## PROBLEM REQUIREMENTS
Each line in the entries below that holds the string "Ultra" is to be listed.

## RECORDS FOR PROCESSING
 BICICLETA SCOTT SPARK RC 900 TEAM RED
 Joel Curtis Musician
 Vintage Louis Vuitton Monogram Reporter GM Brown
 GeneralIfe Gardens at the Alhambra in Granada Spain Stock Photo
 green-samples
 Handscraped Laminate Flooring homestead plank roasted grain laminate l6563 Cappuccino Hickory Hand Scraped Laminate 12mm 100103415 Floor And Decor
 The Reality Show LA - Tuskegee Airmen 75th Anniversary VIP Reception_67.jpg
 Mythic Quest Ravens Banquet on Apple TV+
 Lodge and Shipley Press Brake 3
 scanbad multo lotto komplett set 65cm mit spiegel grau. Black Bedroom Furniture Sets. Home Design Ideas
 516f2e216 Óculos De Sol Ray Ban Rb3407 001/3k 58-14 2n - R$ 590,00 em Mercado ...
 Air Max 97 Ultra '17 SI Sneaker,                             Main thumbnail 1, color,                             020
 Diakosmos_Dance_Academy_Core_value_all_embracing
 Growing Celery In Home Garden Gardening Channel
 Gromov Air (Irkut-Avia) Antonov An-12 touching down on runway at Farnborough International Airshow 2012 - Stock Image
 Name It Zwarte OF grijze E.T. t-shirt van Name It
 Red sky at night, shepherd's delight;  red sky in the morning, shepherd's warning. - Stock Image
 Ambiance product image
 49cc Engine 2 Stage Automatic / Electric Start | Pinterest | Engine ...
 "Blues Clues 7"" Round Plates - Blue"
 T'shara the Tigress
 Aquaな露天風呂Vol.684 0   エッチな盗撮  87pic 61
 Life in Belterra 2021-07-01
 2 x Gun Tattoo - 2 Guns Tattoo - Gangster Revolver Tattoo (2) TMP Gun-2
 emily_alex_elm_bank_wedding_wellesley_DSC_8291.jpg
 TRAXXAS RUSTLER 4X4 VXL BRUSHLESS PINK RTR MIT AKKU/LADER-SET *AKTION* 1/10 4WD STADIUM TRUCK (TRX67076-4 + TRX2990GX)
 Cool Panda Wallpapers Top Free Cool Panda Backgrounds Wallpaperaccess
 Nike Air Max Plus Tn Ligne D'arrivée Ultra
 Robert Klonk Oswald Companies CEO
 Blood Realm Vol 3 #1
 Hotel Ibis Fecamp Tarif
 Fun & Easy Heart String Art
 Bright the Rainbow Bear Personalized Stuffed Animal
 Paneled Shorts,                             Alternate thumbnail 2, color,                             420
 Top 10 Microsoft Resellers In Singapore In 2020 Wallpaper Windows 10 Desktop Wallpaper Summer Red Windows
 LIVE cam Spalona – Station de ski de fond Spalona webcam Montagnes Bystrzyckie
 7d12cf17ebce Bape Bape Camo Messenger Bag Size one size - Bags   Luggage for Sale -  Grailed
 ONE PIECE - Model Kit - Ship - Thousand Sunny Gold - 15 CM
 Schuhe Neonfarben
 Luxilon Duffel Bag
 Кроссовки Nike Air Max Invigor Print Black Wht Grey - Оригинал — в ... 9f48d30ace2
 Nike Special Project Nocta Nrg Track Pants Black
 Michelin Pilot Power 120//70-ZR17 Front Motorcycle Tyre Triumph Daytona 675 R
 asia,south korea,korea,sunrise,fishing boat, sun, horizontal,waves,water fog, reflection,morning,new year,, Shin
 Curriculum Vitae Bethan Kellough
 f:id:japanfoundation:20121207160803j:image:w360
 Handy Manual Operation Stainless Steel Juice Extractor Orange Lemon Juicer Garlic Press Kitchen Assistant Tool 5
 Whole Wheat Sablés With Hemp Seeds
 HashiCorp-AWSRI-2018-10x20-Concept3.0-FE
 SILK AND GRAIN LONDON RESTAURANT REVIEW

## RESPONSE TO THIS TASK
 Air Max 97 Ultra '17 SI Sneaker,                             Main thumbnail 1, color,                             020
 Nike Air Max Plus Tn Ligne D'arrivée Ultra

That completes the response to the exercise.